# [Exercise]
In full and word for word, copy the listing; no pictures belong in the copy.

# [Data shown]
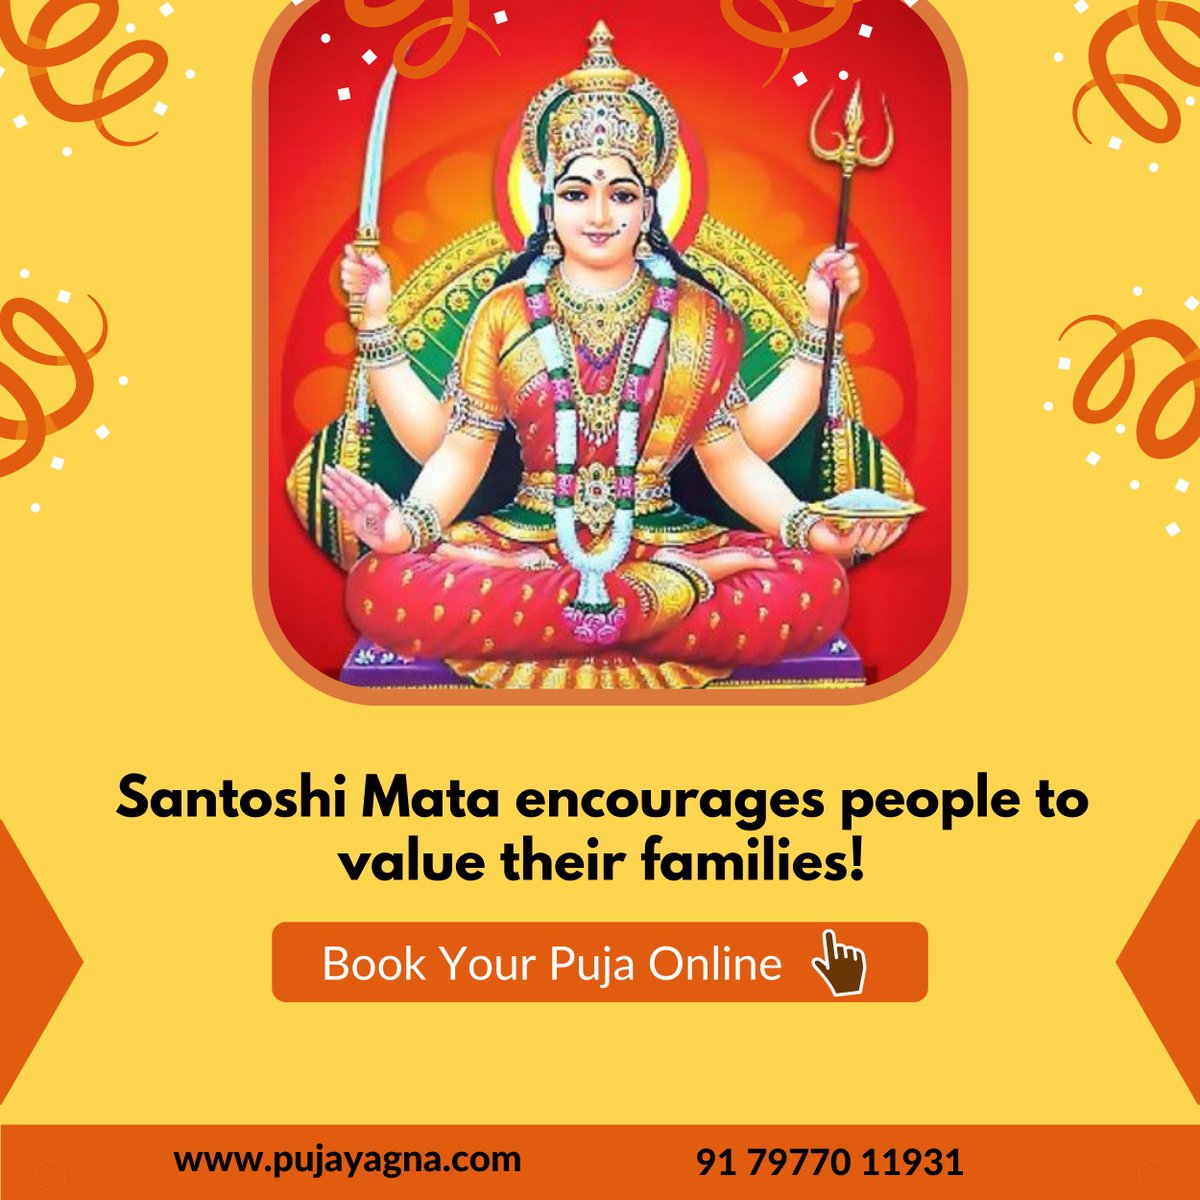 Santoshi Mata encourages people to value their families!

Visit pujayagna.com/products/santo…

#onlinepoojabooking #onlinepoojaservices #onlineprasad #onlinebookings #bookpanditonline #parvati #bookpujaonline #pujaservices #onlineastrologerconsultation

# [Written reply]
 Santoshi Mata encourages people to value their families!

Visit pujayagna.com/products/santo…

#onlinepoojabooking #onlinepoojaservices #onlineprasad #onlinebookings #bookpanditonline #parvati #bookpujaonline #pujaservices #onlineastrologerconsultation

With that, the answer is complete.